◆ **EXERCISE BRIEF**
Down to the last line, print the material below verbatim.

◆ **DATA SHOWN**

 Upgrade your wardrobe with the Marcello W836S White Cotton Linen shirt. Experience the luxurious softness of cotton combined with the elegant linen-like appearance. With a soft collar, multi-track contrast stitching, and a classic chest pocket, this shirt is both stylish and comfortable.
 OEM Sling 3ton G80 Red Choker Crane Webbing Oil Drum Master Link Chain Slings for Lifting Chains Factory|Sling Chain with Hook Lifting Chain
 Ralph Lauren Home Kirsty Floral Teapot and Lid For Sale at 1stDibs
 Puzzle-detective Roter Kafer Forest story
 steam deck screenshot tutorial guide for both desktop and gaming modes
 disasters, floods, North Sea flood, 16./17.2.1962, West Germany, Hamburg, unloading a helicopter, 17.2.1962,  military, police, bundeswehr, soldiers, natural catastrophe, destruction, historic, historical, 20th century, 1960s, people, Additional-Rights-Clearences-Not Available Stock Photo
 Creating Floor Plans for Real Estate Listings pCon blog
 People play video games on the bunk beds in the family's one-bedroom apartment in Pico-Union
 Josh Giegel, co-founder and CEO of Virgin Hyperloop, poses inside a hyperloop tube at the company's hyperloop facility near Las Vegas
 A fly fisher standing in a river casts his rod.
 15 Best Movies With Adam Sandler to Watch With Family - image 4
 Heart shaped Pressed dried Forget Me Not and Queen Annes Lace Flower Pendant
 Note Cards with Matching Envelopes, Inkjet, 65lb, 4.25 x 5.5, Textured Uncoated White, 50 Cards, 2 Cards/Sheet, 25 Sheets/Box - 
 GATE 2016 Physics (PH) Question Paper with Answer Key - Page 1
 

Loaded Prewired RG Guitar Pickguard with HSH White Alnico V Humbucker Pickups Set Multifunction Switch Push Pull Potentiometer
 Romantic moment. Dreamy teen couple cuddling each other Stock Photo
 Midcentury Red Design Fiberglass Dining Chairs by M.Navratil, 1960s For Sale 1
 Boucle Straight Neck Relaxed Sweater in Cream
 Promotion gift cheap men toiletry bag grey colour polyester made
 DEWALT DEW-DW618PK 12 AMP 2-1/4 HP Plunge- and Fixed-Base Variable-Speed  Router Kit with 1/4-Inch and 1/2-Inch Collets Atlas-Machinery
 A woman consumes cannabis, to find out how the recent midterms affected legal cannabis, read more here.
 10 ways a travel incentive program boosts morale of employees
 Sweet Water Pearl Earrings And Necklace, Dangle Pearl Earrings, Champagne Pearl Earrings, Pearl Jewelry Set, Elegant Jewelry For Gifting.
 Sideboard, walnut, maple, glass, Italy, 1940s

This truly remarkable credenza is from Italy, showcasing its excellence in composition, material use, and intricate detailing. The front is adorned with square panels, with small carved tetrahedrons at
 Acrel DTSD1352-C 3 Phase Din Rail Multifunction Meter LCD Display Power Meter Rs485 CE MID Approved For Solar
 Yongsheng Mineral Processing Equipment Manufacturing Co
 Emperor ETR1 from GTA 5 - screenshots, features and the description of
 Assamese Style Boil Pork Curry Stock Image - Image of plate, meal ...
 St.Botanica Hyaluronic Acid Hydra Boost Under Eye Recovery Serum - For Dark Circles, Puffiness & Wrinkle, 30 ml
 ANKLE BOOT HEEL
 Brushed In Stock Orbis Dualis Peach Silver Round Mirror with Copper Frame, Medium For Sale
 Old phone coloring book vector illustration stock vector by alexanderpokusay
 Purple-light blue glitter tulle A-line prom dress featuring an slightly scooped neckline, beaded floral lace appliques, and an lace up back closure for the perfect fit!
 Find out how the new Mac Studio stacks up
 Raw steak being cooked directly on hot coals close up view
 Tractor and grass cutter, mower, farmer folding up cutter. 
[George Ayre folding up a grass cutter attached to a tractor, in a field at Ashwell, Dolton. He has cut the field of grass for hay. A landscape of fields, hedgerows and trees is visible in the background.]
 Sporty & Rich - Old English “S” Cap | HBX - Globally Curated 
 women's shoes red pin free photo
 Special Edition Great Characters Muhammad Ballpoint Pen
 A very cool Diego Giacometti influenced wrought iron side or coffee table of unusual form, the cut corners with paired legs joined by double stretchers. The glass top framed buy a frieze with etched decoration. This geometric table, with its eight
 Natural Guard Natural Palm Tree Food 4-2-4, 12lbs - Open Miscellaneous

◆ **TASK RESULT**
 Upgrade your wardrobe with the Marcello W836S White Cotton Linen shirt. Experience the luxurious softness of cotton combined with the elegant linen-like appearance. With a soft collar, multi-track contrast stitching, and a classic chest pocket, this shirt is both stylish and comfortable.
 OEM Sling 3ton G80 Red Choker Crane Webbing Oil Drum Master Link Chain Slings for Lifting Chains Factory|Sling Chain with Hook Lifting Chain
 Ralph Lauren Home Kirsty Floral Teapot and Lid For Sale at 1stDibs
 Puzzle-detective Roter Kafer Forest story
 steam deck screenshot tutorial guide for both desktop and gaming modes
 disasters, floods, North Sea flood, 16./17.2.1962, West Germany, Hamburg, unloading a helicopter, 17.2.1962,  military, police, bundeswehr, soldiers, natural catastrophe, destruction, historic, historical, 20th century, 1960s, people, Additional-Rights-Clearences-Not Available Stock Photo
 Creating Floor Plans for Real Estate Listings pCon blog
 People play video games on the bunk beds in the family's one-bedroom apartment in Pico-Union
 Josh Giegel, co-founder and CEO of Virgin Hyperloop, poses inside a hyperloop tube at the company's hyperloop facility near Las Vegas
 A fly fisher standing in a river casts his rod.
 15 Best Movies With Adam Sandler to Watch With Family - image 4
 Heart shaped Pressed dried Forget Me Not and Queen Annes Lace Flower Pendant
 Note Cards with Matching Envelopes, Inkjet, 65lb, 4.25 x 5.5, Textured Uncoated White, 50 Cards, 2 Cards/Sheet, 25 Sheets/Box - 
 GATE 2016 Physics (PH) Question Paper with Answer Key - Page 1
 

Loaded Prewired RG Guitar Pickguard with HSH White Alnico V Humbucker Pickups Set Multifunction Switch Push Pull Potentiometer
 Romantic moment. Dreamy teen couple cuddling each other Stock Photo
 Midcentury Red Design Fiberglass Dining Chairs by M.Navratil, 1960s For Sale 1
 Boucle Straight Neck Relaxed Sweater in Cream
 Promotion gift cheap men toiletry bag grey colour polyester made
 DEWALT DEW-DW618PK 12 AMP 2-1/4 HP Plunge- and Fixed-Base Variable-Speed  Router Kit with 1/4-Inch and 1/2-Inch Collets Atlas-Machinery
 A woman consumes cannabis, to find out how the recent midterms affected legal cannabis, read more here.
 10 ways a travel incentive program boosts morale of employees
 Sweet Water Pearl Earrings And Necklace, Dangle Pearl Earrings, Champagne Pearl Earrings, Pearl Jewelry Set, Elegant Jewelry For Gifting.
 Sideboard, walnut, maple, glass, Italy, 1940s

This truly remarkable credenza is from Italy, showcasing its excellence in composition, material use, and intricate detailing. The front is adorned with square panels, with small carved tetrahedrons at
 Acrel DTSD1352-C 3 Phase Din Rail Multifunction Meter LCD Display Power Meter Rs485 CE MID Approved For Solar
 Yongsheng Mineral Processing Equipment Manufacturing Co
 Emperor ETR1 from GTA 5 - screenshots, features and the description of
 Assamese Style Boil Pork Curry Stock Image - Image of plate, meal ...
 St.Botanica Hyaluronic Acid Hydra Boost Under Eye Recovery Serum - For Dark Circles, Puffiness & Wrinkle, 30 ml
 ANKLE BOOT HEEL
 Brushed In Stock Orbis Dualis Peach Silver Round Mirror with Copper Frame, Medium For Sale
 Old phone coloring book vector illustration stock vector by alexanderpokusay
 Purple-light blue glitter tulle A-line prom dress featuring an slightly scooped neckline, beaded floral lace appliques, and an lace up back closure for the perfect fit!
 Find out how the new Mac Studio stacks up
 Raw steak being cooked directly on hot coals close up view
 Tractor and grass cutter, mower, farmer folding up cutter. 
[George Ayre folding up a grass cutter attached to a tractor, in a field at Ashwell, Dolton. He has cut the field of grass for hay. A landscape of fields, hedgerows and trees is visible in the background.]
 Sporty & Rich - Old English “S” Cap | HBX - Globally Curated 
 women's shoes red pin free photo
 Special Edition Great Characters Muhammad Ballpoint Pen
 A very cool Diego Giacometti influenced wrought iron side or coffee table of unusual form, the cut corners with paired legs joined by double stretchers. The glass top framed buy a frieze with etched decoration. This geometric table, with its eight
 Natural Guard Natural Palm Tree Food 4-2-4, 12lbs - Open Miscellaneous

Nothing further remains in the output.